*** Block opens ***
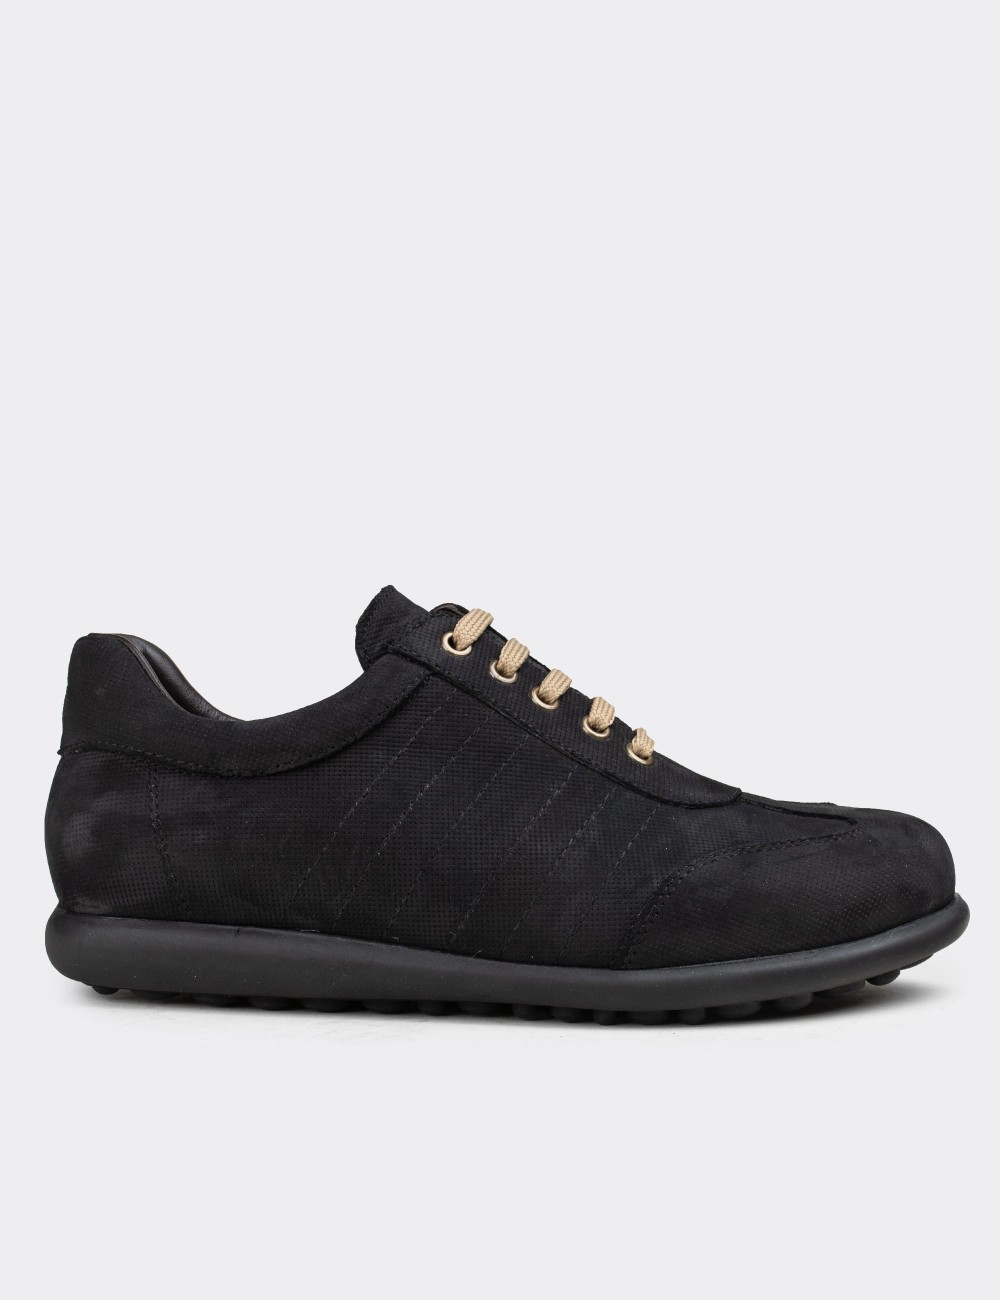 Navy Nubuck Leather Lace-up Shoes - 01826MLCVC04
*** Block closes ***
*** Block opens ***
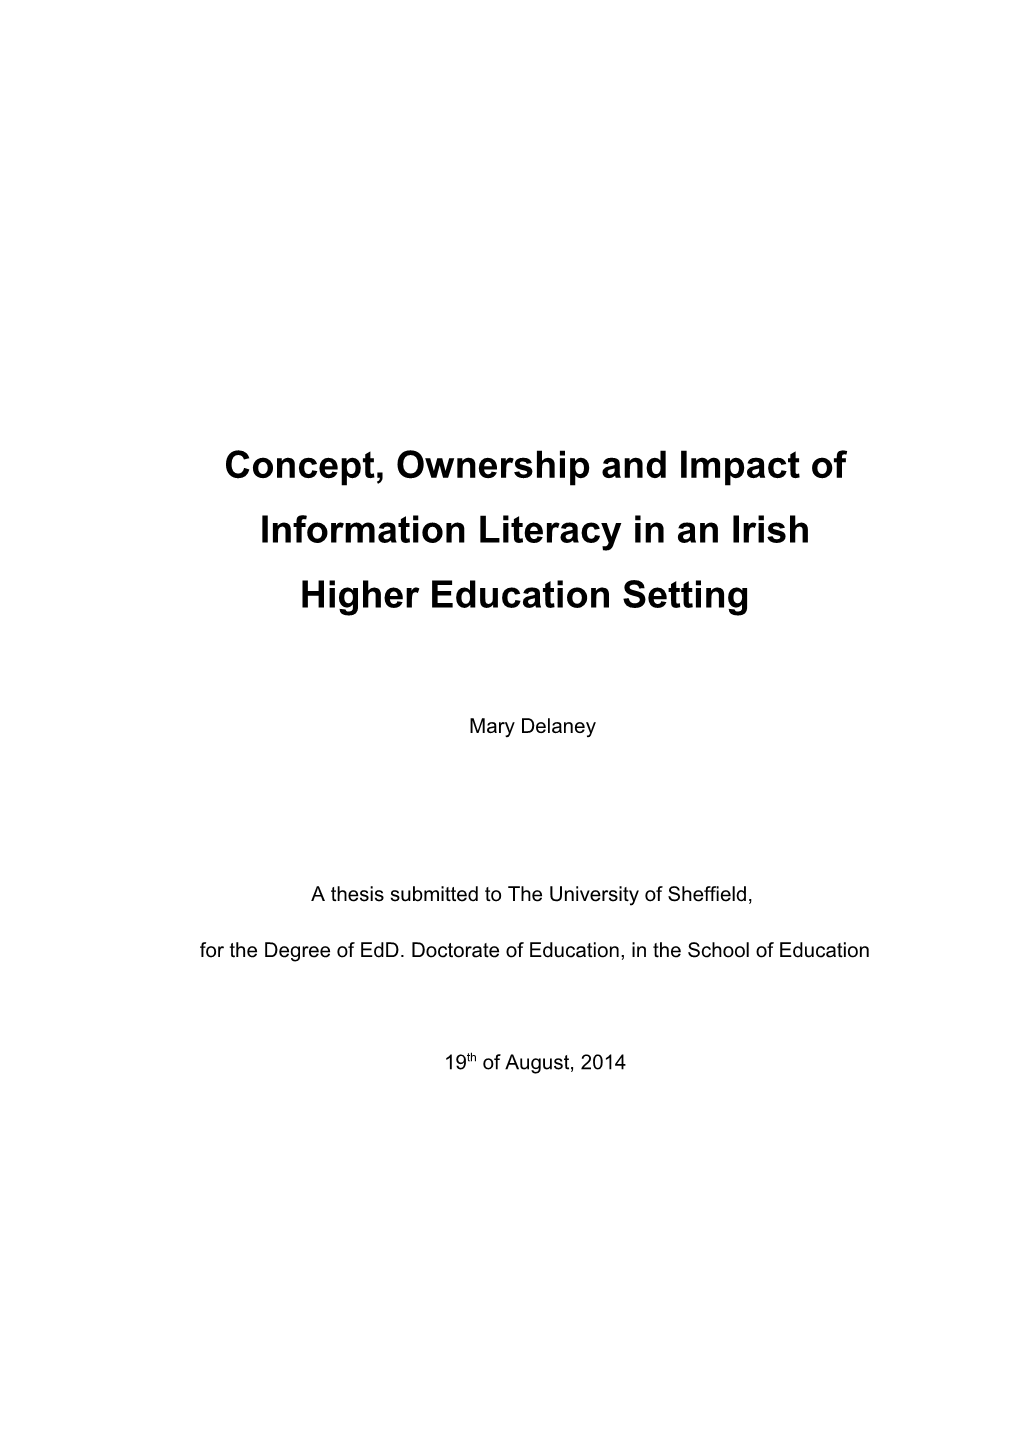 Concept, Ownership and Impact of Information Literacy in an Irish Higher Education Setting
*** Block closes ***
*** Block opens ***
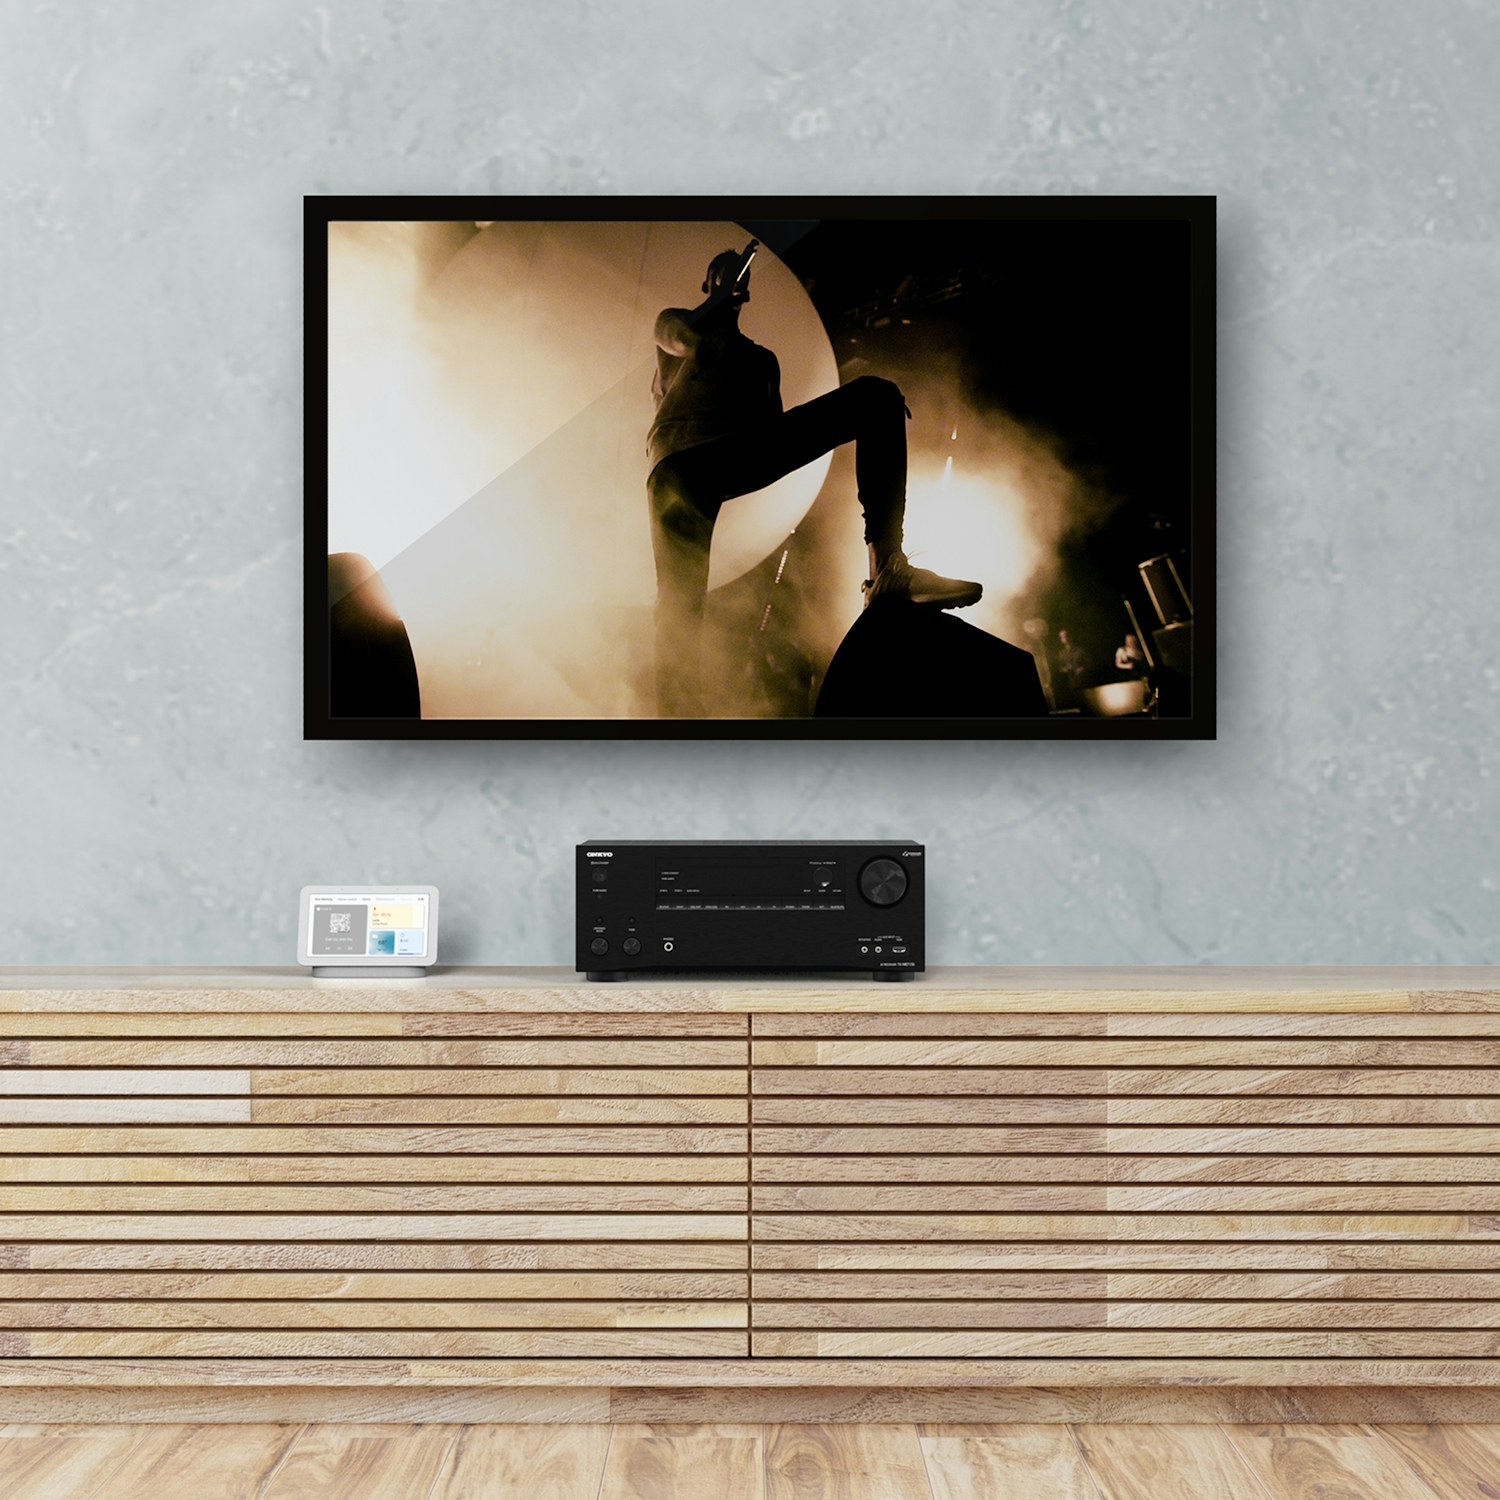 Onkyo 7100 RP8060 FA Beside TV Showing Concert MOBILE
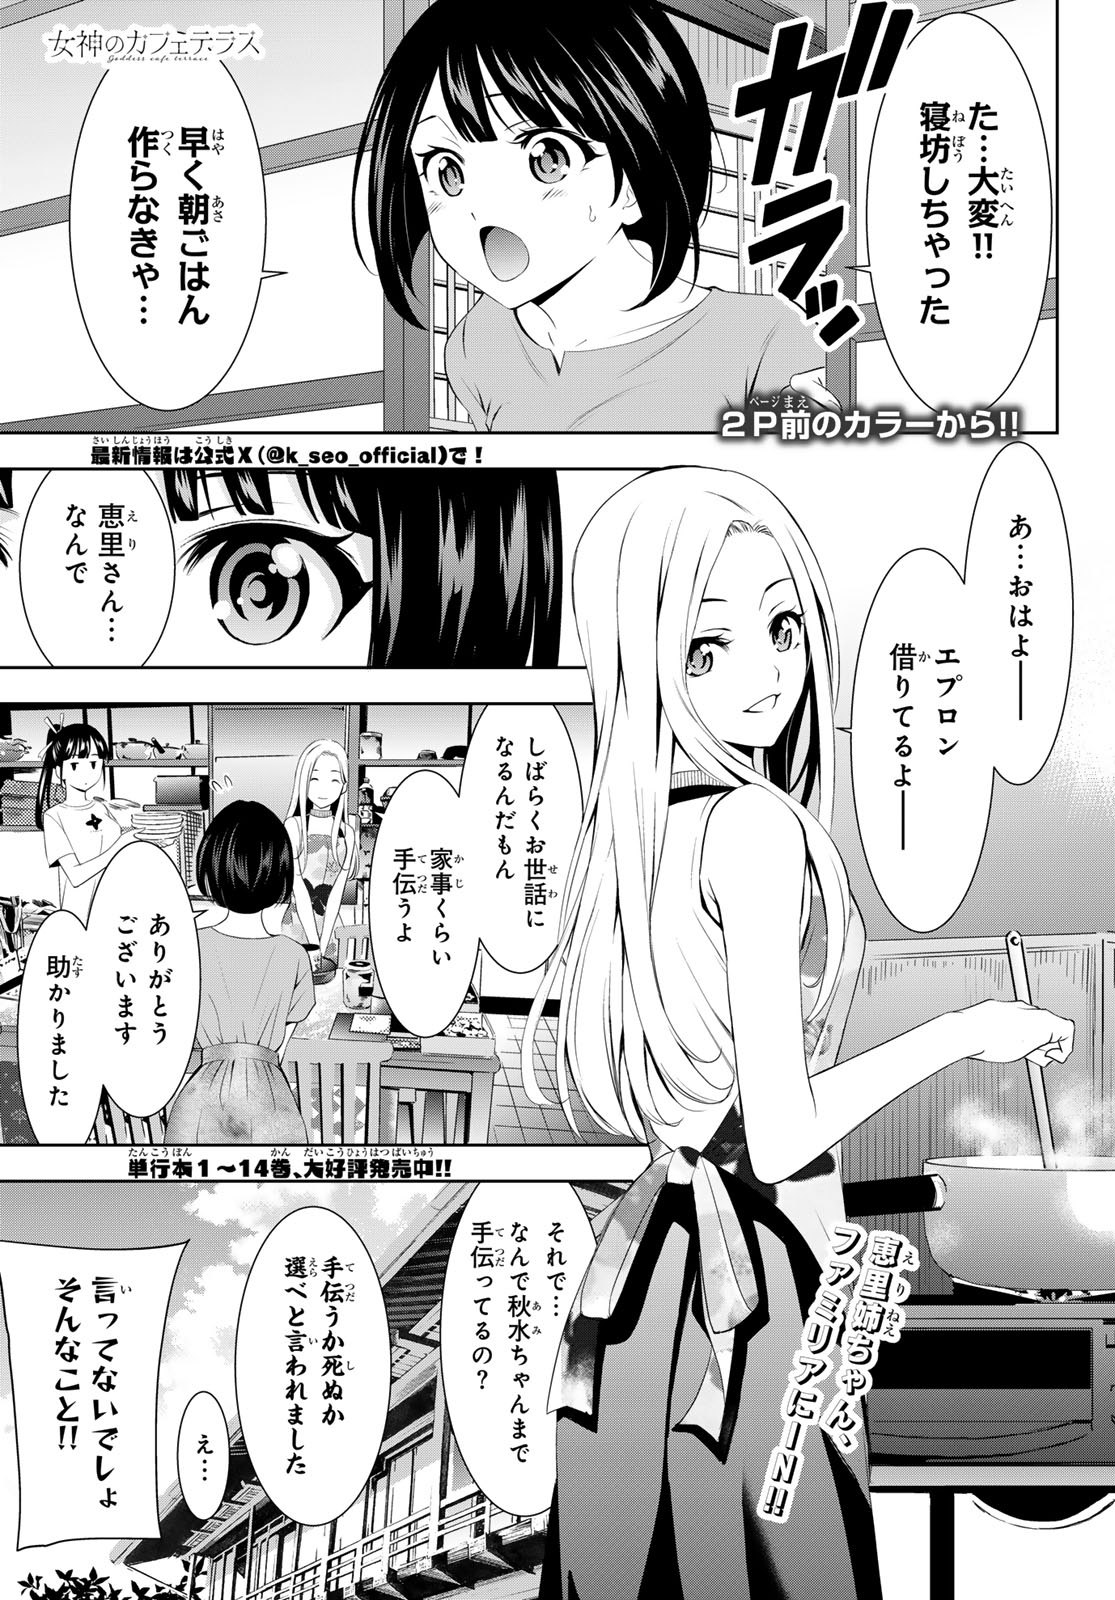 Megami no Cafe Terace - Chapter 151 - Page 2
*** Block closes ***
Using the data above, transcribe exactly the lines between those containing "Onkyo 7100 RP8060" and "Megami no Cafe Terace - Chapter 151 - Page 2", inclusive, and leave every picture behind.

 Onkyo 7100 RP8060 FA Beside TV Showing Concert MOBILE
 Megami no Cafe Terace - Chapter 151 - Page 2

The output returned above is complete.